Review: The Comedown

Rebekah Frumkin's first novel, The Comedown, wanders into a dark labyrinth of tangled relationships between two Ohio families--the Jewish Bloom-Mittwochs and African American Marshalls. Prefaced with a useful guide to their family trees of marriages, divorces, affairs and children, the novel is like a three-part ensemble play, with chapters focused on each of the dozen principal characters as their lives intersect over the rocky course of the last 50 years.

The Marshall patriarch, Reggie, is a hustler and drug dealer from Cleveland's Hough neighborhood, where a black man in the 1970s has limited options. Heading the Bloom-Mittwoch clan, Leland Sr. is one of Reggie's regular customers. A survivor of the 1960s drug scene and anti-Vietnam War demonstrations (including the nearby Kent State National Guard shooting), he never shakes his quest for the perfect high.

Early in the novel, Leland Sr. takes a suicidal leap off a building in Tampa in 1999, and Reggie takes a bullet to the head at his massage parlor headquarters in 1973. Frumkin is not as much interested in the ultimate fates of her characters as she is in the role of fate in determining the directions their lives take. As Leland Sr.'s first wife tells their son Leland Jr., "No real purpose to it all, just waves you either crested or were crushed by."
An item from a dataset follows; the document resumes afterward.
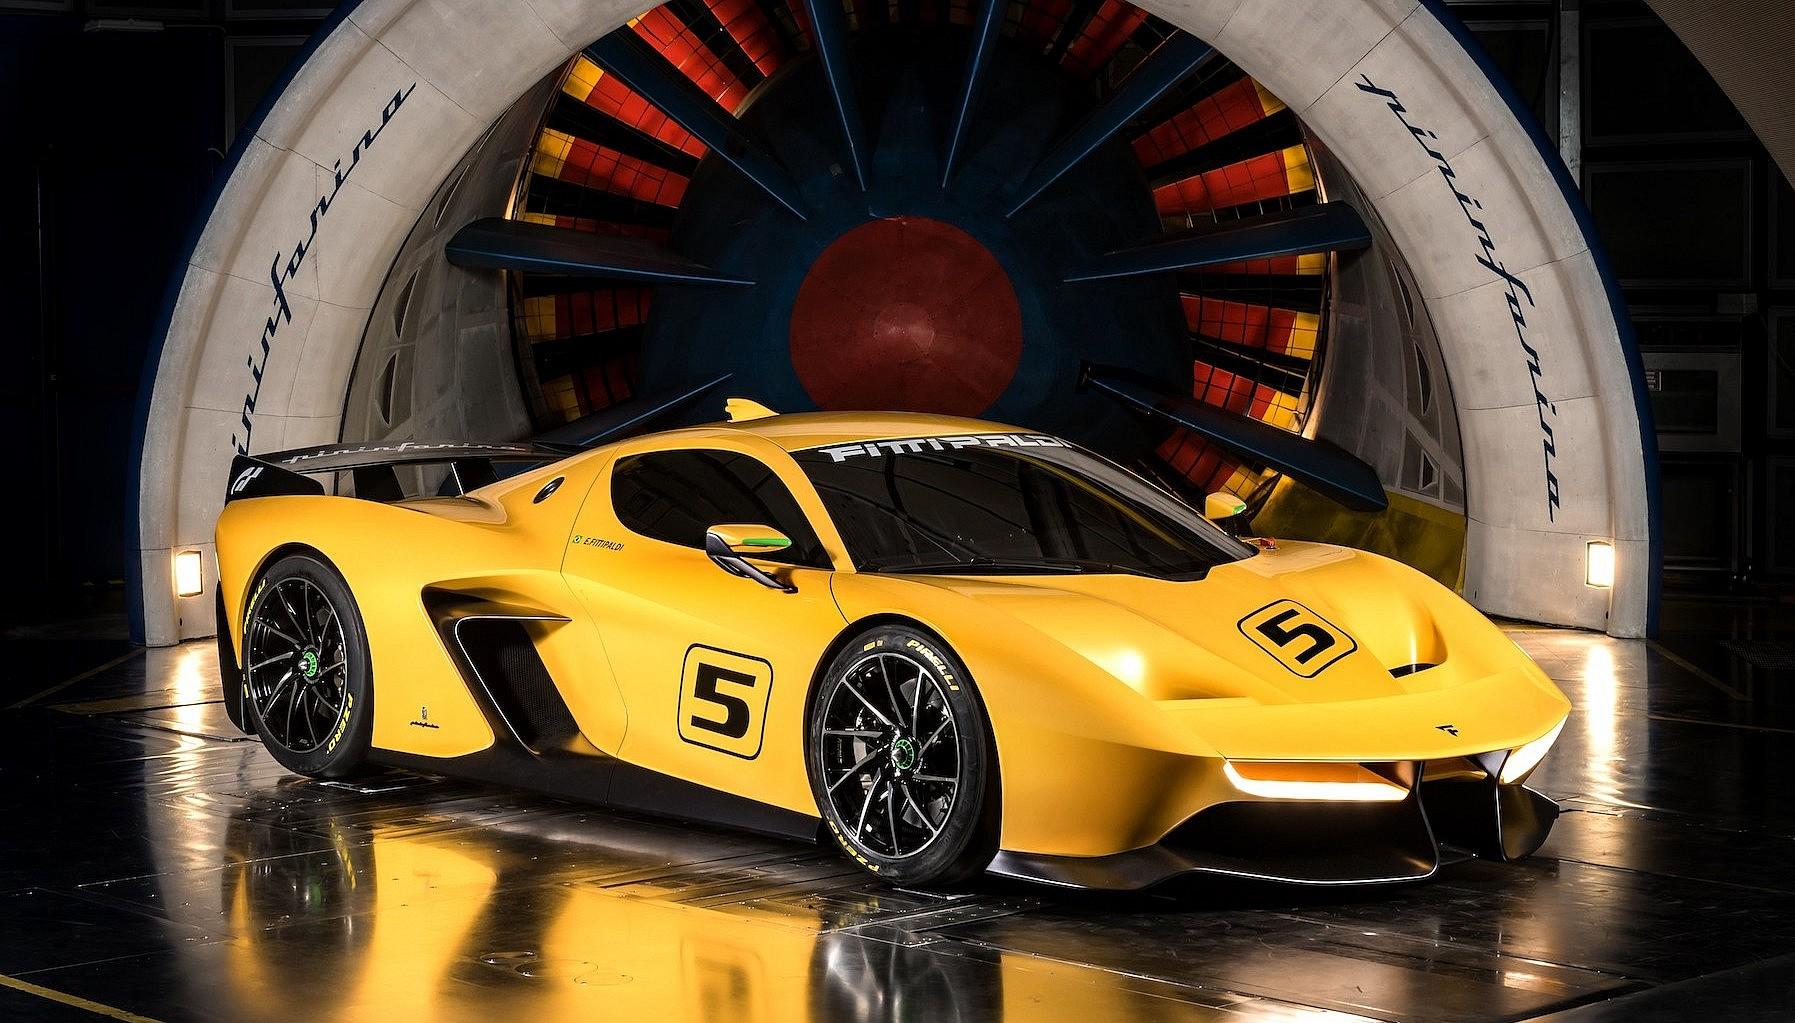 Fittipaldi EF7 Vision Gran Turismo, Pininfarina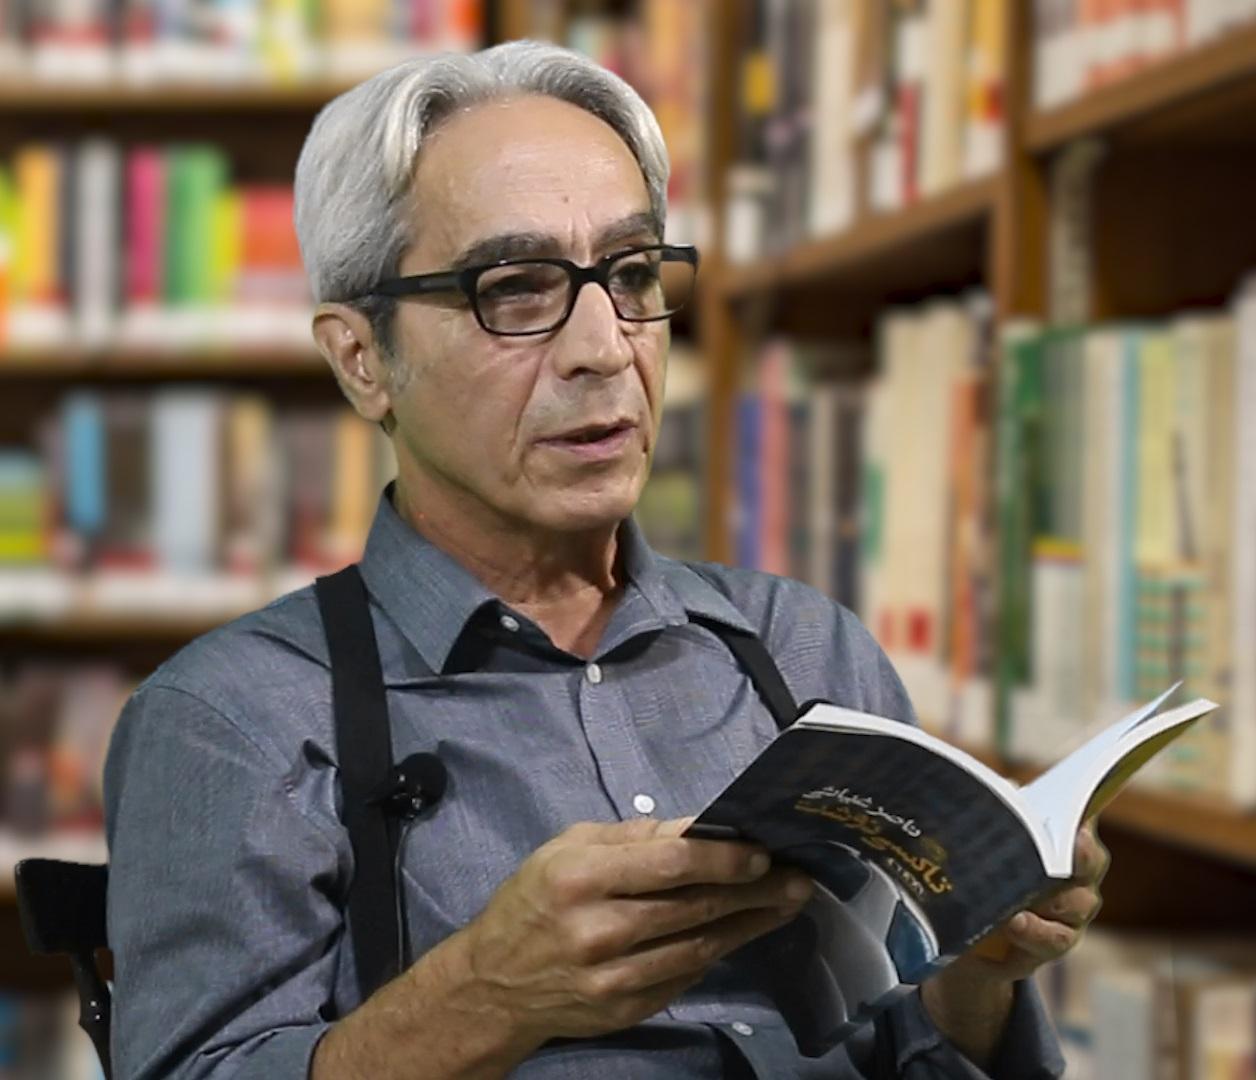 گفتگو با نویسنده کتاب تاکسینوشت

With graduate degrees from the Iowa Writers' Workshop and Northwestern's Medill School of Journalism, Frumkin writes with both satirical flair and vestiges of observational reporting. Underlying the Midwestern lives of both families are pervasive drug use, religious skepticism, prodigious sexual appetites and ambivalent gender preferences. Generous use of drug slang, Yiddish expressions and explicit eroticism may require a certain hipster intellectual savvy--or open tabs on Urban Dictionary and a Yiddish phrasebook. Frumkin also knows her stuff about video game code and speed chess with "a rook-knight combo... galloping across the board G8 to F6, F6 to G4."

The Comedown, however, is not just a simplistic morality play about the United States' economic and racial divide. Rather, Frumkin has created a snapshot of authentic people in a real place, where the insidious dissolution of families is as much the result of bad choices among bad alternatives as it is the consequence of ubiquitous drug use and spiritual detachment. If she offers a glimmer of hope, it is the modest one suggested by Leland Sr.'s second wife: "He'd been through what he'd been through, and she'd been through what she'd been through, their pasts didn't count and their future seemed manageable, if not bright." Tough talk from a talented debut novelist with a sharp eye. --Bruce Jacobs, founding partner, Watermark Books & Cafe, Wichita, Kan.

Shelf Talker: Frumkin's first novel is a keenly observed saga of two Ohio families from opposite sides of the tracks who become inescapably connected by circumstance, choice and fate.